Not surprisingly, as health status worsens, beneficiaries use more drugs. However, Table 2-7 and Figure 2-7 show that while utilization rises, a gap remains between beneficiaries with and without coverage. Within each health status category, beneficiaries with coverage are more likely to fill at least one prescription, and fill more prescriptions when they do use drugs. Beneficiaries without coverage who are in fair or poor health are as likely to fill no prescriptions as covered beneficiaries in very good health.
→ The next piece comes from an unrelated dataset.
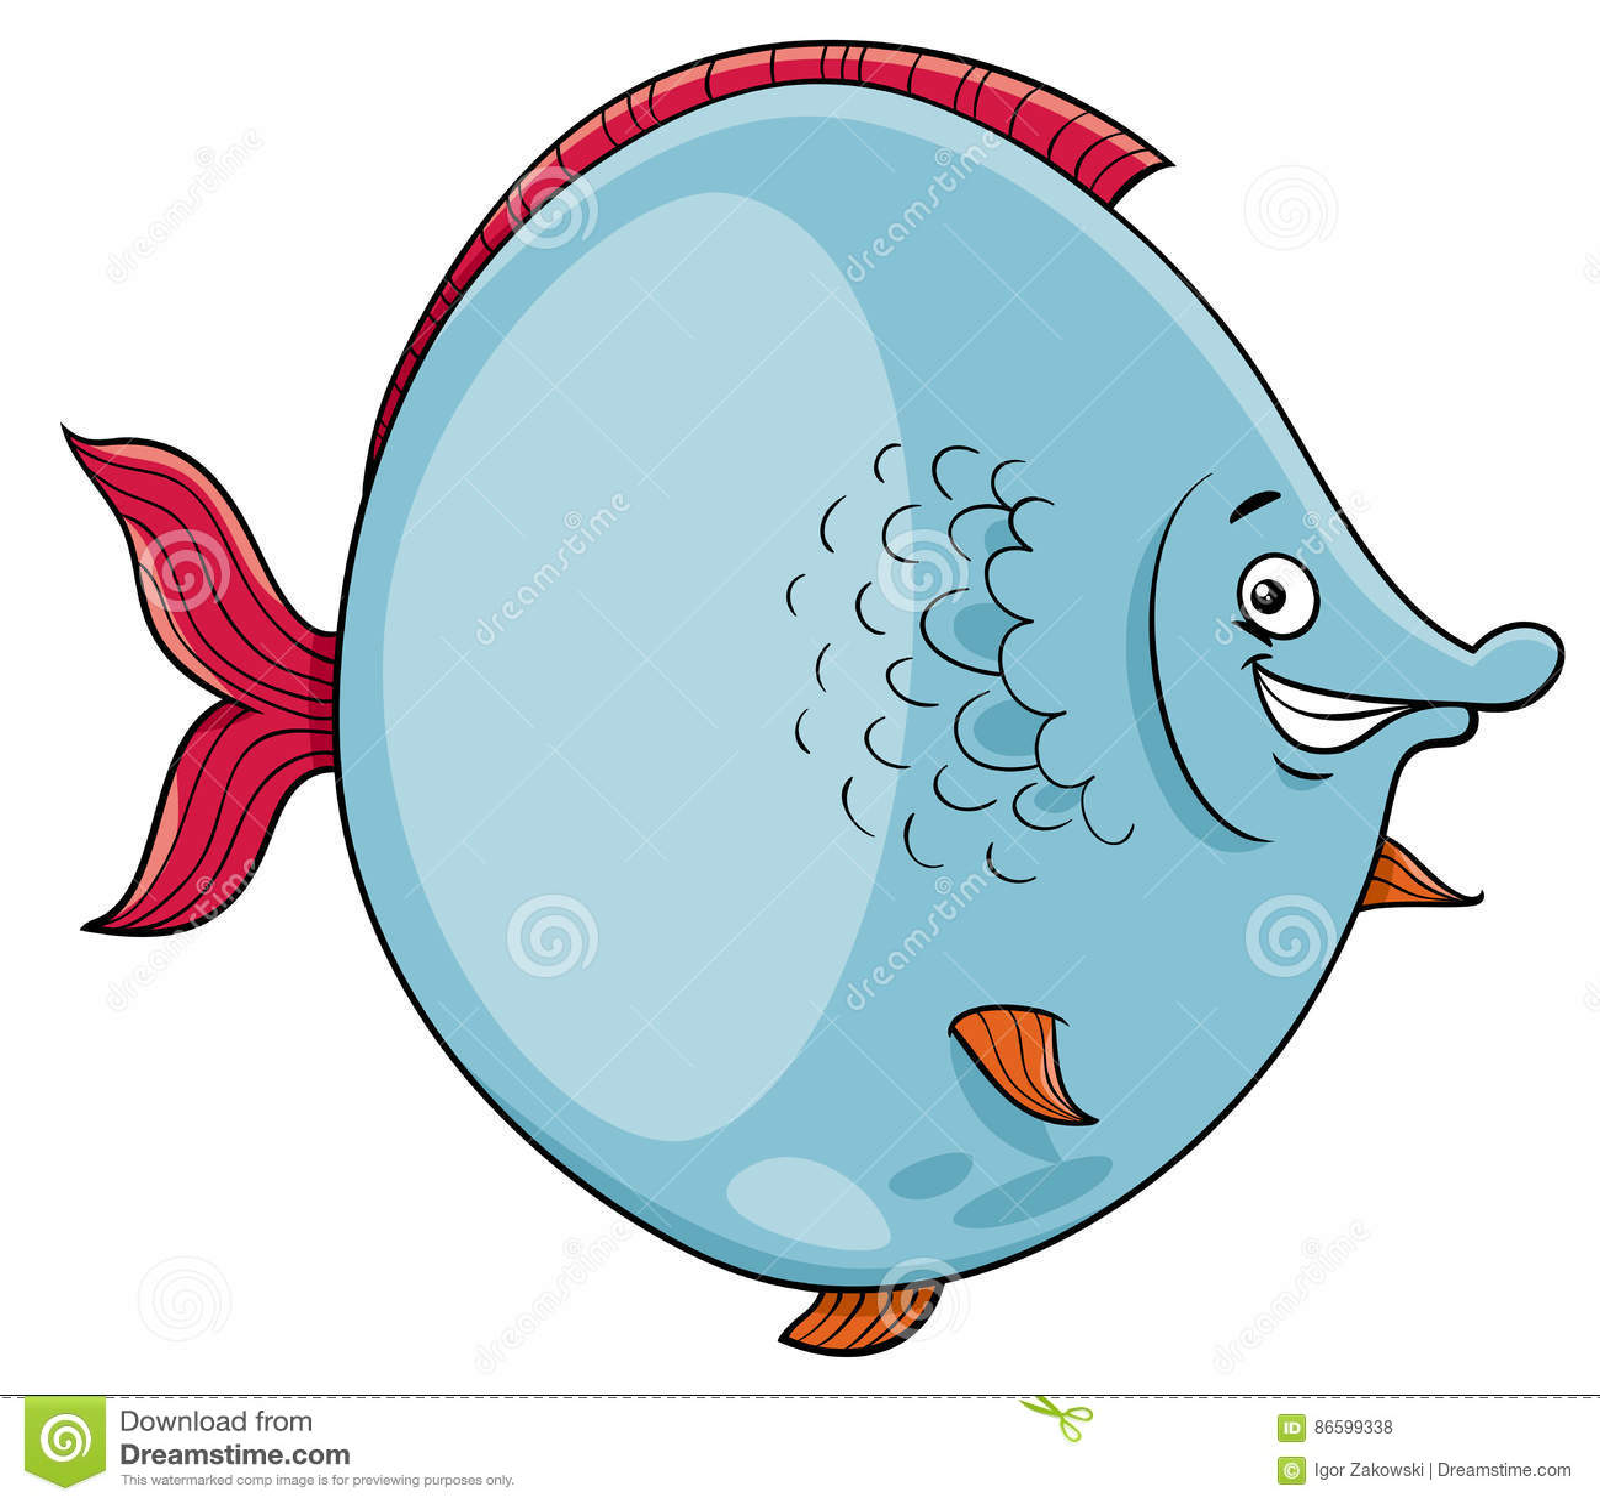 Big fish cartoon character stock vector illustration of large download big fish cartoon character stock vector illustration of large 86599338 thecheapjerseys Choice Image

% filling at least one prescription | Number of prescriptions filled by users | ||||
---|---|---|---|---|---|
Covered | Not covered | Covered | Not covered | Ratio, covered/ not covered | |
Excellent | 80% | 67% | 13.76 | 11.42 | 1.20 |
Very Good | 86% | 79% | 17.18 | 15.45 | 1.11 |
Good | 92% | 84% | 22.40 | 20.36 | 1.10 |
Fair | 96% | 86% | 33.22 | 26.44 | 1.26 |
Poor | 96% | 86% | 39.67 | 31.43 | 1.26 |
Source: Information and Methods Group, Office of Strategic Planning, Health Care Financing Administration(now known as Centers for Medicare and Medicaid Services(CMS)): Medicare Current Beneficiary Survey Cost and Use File, 1996. |
Figure 2-7. Percentage of Medicare Beneficiaries with and without Drug Coverage Filling at Least One Prescription, by Health Status, 1996
Source: Information and Methods Group, Office of Strategic Planning, Health Care Financing Administration(now known as Centers for Medicare and Medicaid Services(CMS)): Medicare Current Beneficiary Survey Cost and Use File, 1996.
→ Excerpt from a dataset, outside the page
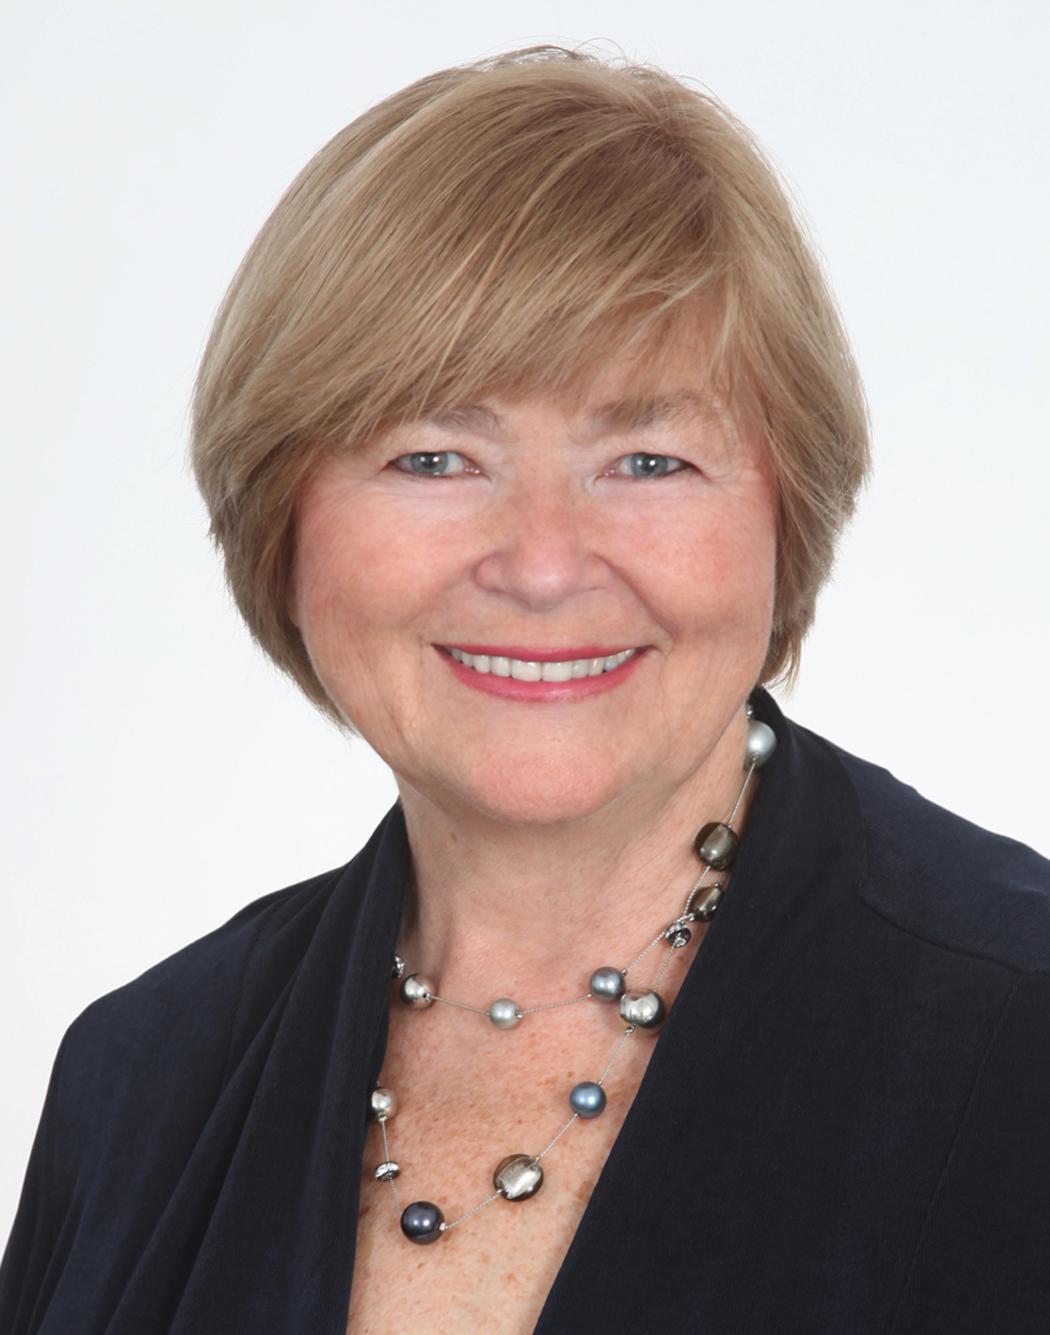 Helga Wetzold

Table 2-8 and Figure 2-8 show that spending follows the utilization pattern: as Medicare beneficiaries report poorer health, their spending on prescription drugs increases. Again, within each health status category, beneficiaries with drug coverage have higher spending than the noncovered. Spending for beneficiaries in poor health who had drug coverage was $590 more than for those who lacked coverage; for beneficiaries with fair health, the difference was $480. Beneficiaries spent nearly twice as much out of pocket as those who had coverage unless they were in excellent health.
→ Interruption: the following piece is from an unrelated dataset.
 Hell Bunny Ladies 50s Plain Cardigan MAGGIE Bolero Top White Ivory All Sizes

Covered | Not Covered | Ratio, Covered/Not Covered | ||||
---|---|---|---|---|---|---|
Self-reported health status | Average total spending | Average out-of-pocket spending | Out-of-pocket as % of total spending | Average total spending (all out-of-pocket) | Average total spending | Average out-of-pocket spending |
Total | $769 | $253 | 33% | $463 | 1.66 | 0.55 |
Excellent | $414 | $141 | 34% | $207 | 2.01 | 0.68 |
Very Good | $554 | $190 | 34% | $382 | 1.45 | 0.50 |
Good | $759 | $256 | 34% | $497 | 1.53 | 0.51 |
Fair | $1,120 | $350 | 31% | $640 | 1.75 | 0.55 |
Poor | $1,340 | $423 | 32% | $749 | 1.79 | 0.56 |
Source: Information and Methods Group, Office of Strategic Planning, Health Care Financing Administration(now known as Centers for Medicare and Medicaid Services(CMS)): Medicare Current Beneficiary Survey Cost and Use File, 1996. |
Figure 2-8. Out-of-pocket and Insurer Spending for Medicare Beneficiaries with and without Drug Coverage, by Health Status, 1996
Source: Information and Methods Group, Office of Strategic Planning, Health Care Financing Administration(now known as Centers for Medicare and Medicaid Services(CMS)): Medicare Current Beneficiary Survey Cost and Use File, 1996.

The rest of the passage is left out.